# Pumpkin Fudge would harden.



## happy cooker (Mar 4, 2011)

I had baked pumpkin breads and had some pumpkin left over.  Searched the Internet and found a pumpkin fudge recipe.

I've made tons of fudge and very few flops but this was awful - it never set.  Put it in the freezer and that didn't help

either.  So I made some little tarts, used this as the filling and put some whipped cream on top.  Too sweet for me but

it was good and could use it as a sauce to pour over some ice cream.

Can anyone tell me what was wrong with this recipe?  I think it was the evaporated milk (I've always used condensed

milk) and don't know why I followed the instructions and used aluminum foil.  After baking and cooking for six hours

and coming up with this bright idea, guess I was too tired to think straight!

Here's the recipe:

Pumpkin Fudge

2 tablespoons butter

2-1/2 cups white sugar (too much for me!)

2/3 cup evaporated milk

1 cup white chocolate chips

7 ounces marshmallow creme

3/4 cup canned pumpkin

1 teaspoon cinnamon

1 tsp. vanilla extract.

1.  Line a 9x9" pan with aluminum foil & set aside.

2.  In a 3 qt. saucepan, heat milk & sugar over medium heat.  Bring to a boil, stirring occasionally with a wooden spoon.

3.  Mix in pumpkin puree & cinnamon; bring back to a boil.  Stir in marshmallow creme & butter.  Bring back to a 

     rolling boil.  Cook, stirring occasionally, for 18 minutes.

4.  Remove from heat, and add white chocolate chips and vanilla.  Stir until creamy & all chips are melted.  Pour into

     prepared pan and cut into squares.  Store in a cool, dry place.

I followed the directions - which may have been the problem (*.*) - and used Ghiradelli's white chocolate and thought

it odd that they didn't all melt.  

Any suggestions you have, I'd sure appreciate hearing them!  Thanks in advance.


----------



## chefpeon (Jun 14, 2006)

I think what happened is that the recipe doesn't specify a certain temperature to cook the mixture to, it just says boil for 18 minutes.

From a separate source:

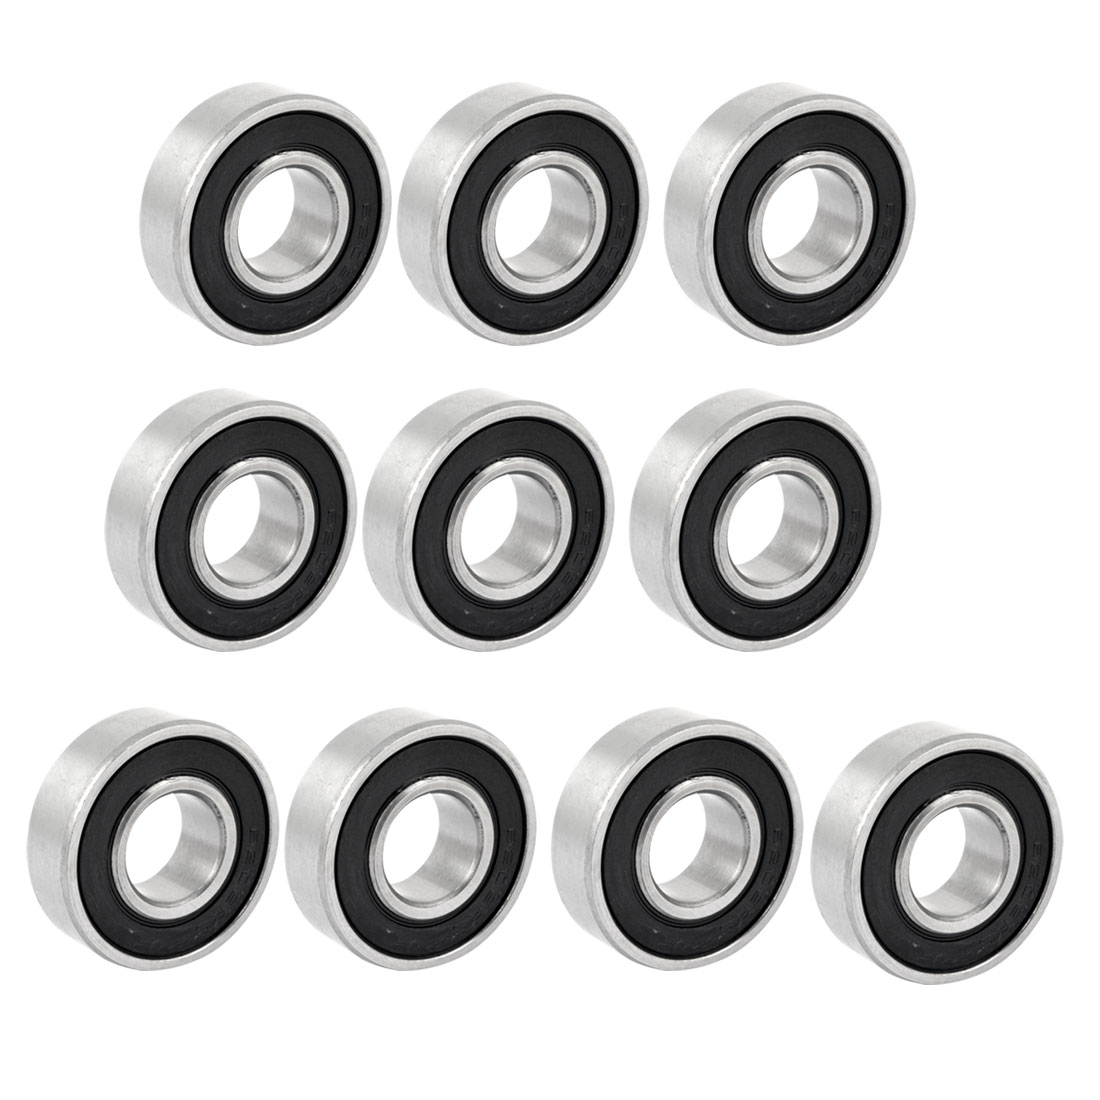 Unique Bargains 15 Inner Dia 35mm OD 11mm Thickness Deep Groove Ball Bearings 6202RS

That's too vague, because everybody's burners heat at a different rate and temperature. The recipe should have specified that you cook the mixture to soft ball stage (234˚ to 240˚) which is typical for fudge. Perhaps after you boiled your mixture for 18 minutes you hadn't yet reached soft ball stage and because of that, your fudge wouldn't set. The white chocolate probably didn't melt all the way because the high temp of the sugar syrup burned it before it could melt into the mixture completely. My best guess.......


----------



## happy cooker (Mar 4, 2011)

Thank you very much for your insight.  I'll try the recipe again following your suggestion - as it was delicious - but certainly not presentable as fudge.  Don't recall seeing or  using a fudge recipe calling for evaporated milk instead of condensed - do you think that had something to do with it as well?

Again, thank you.


----------



## chefpeon (Jun 14, 2006)

I think this particular fudge recipe calls for evaporated milk because it's a pumpkin fudge recipe, rather than a chocolate fudge recipe. That's my best guess.


----------



## happy cooker (Mar 4, 2011)

yes, right you are - it's because of the pumpkin.  Thanks again for your response - I'll make it again following your suggestions.  Take care.


----------